_Data segment_

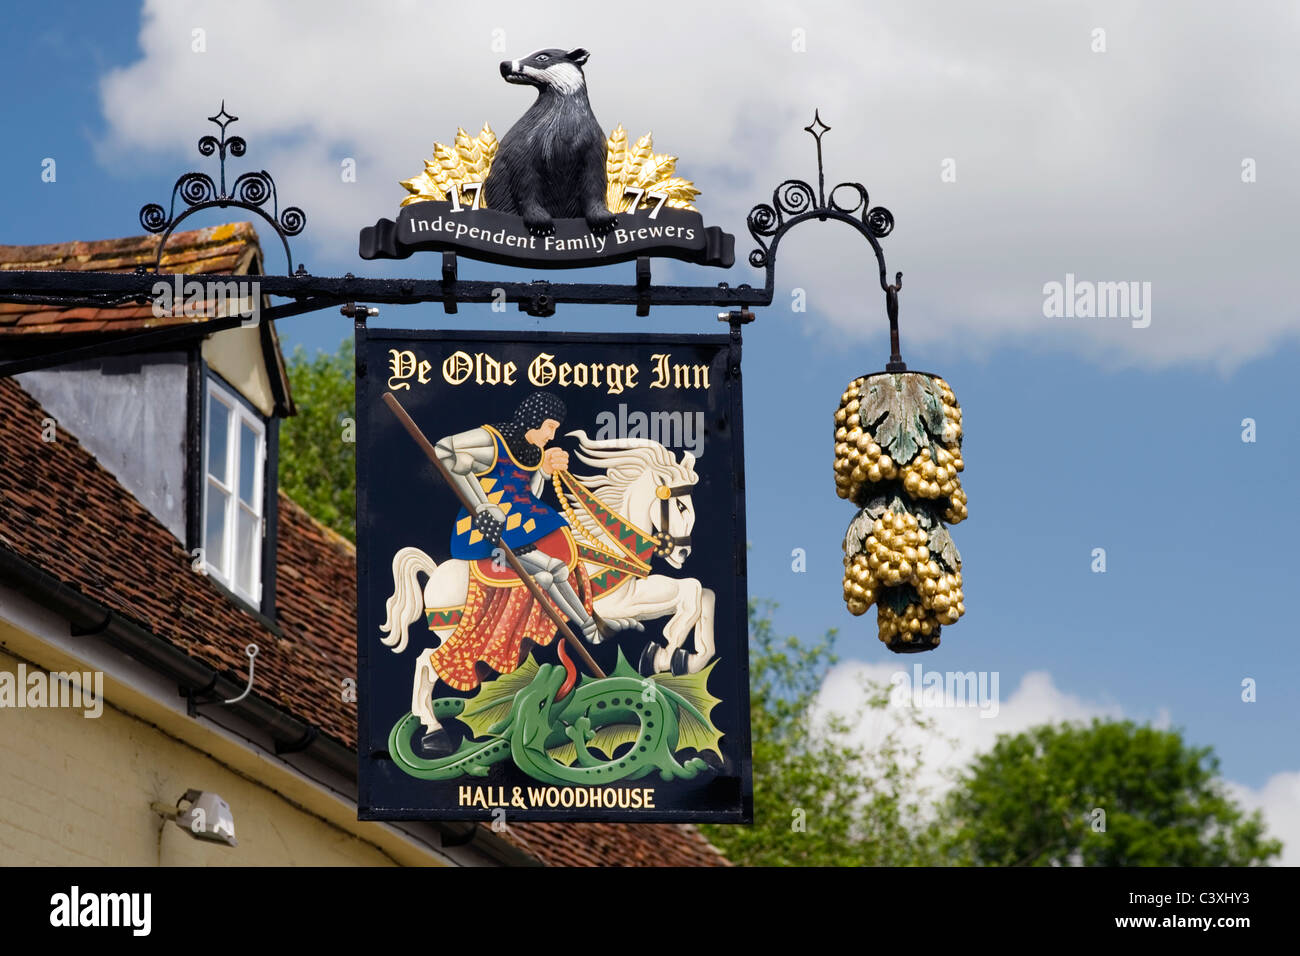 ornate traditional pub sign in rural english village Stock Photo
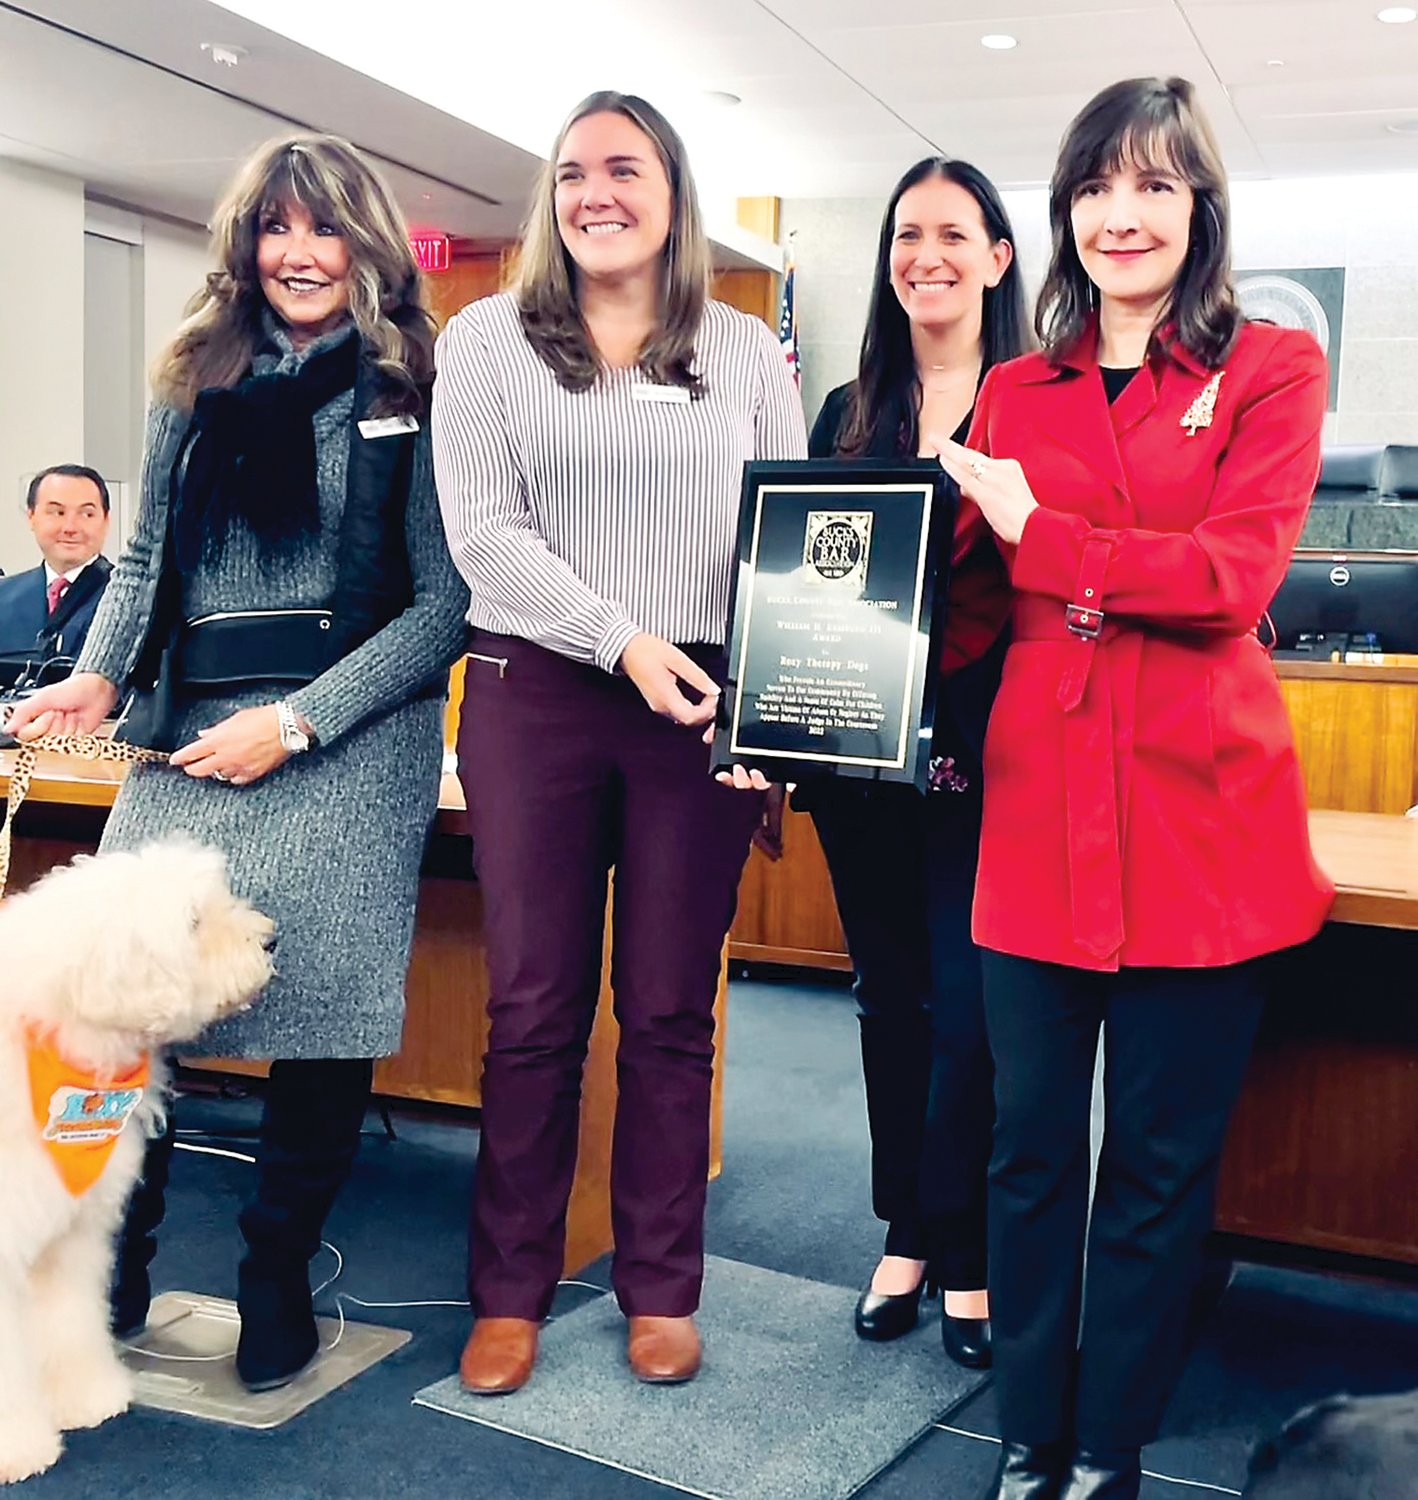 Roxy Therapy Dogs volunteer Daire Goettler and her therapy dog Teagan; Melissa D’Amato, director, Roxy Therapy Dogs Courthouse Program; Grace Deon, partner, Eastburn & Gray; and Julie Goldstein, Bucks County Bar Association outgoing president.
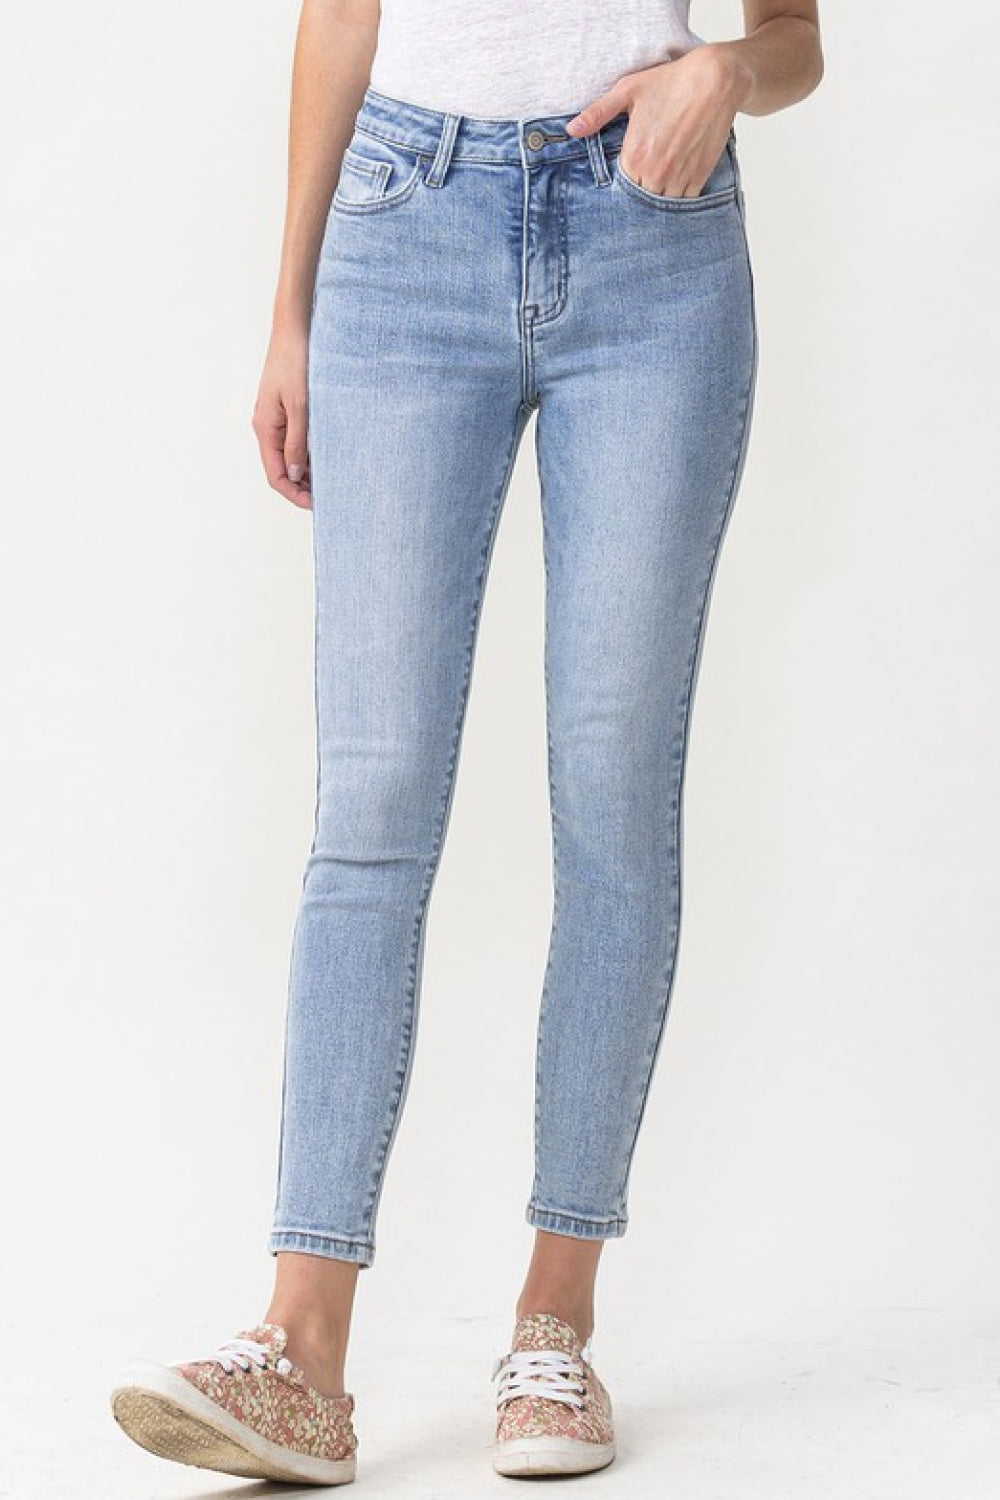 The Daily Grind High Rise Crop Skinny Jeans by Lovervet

_Exercise_
Please set down, word for word, the lines starting at the line that holds "Roxy Therapy Dogs volunteer" and running to the end of the listing, with no pictures.

_Solution to the exercise_
 Roxy Therapy Dogs volunteer Daire Goettler and her therapy dog Teagan; Melissa D’Amato, director, Roxy Therapy Dogs Courthouse Program; Grace Deon, partner, Eastburn & Gray; and Julie Goldstein, Bucks County Bar Association outgoing president.
 The Daily Grind High Rise Crop Skinny Jeans by Lovervet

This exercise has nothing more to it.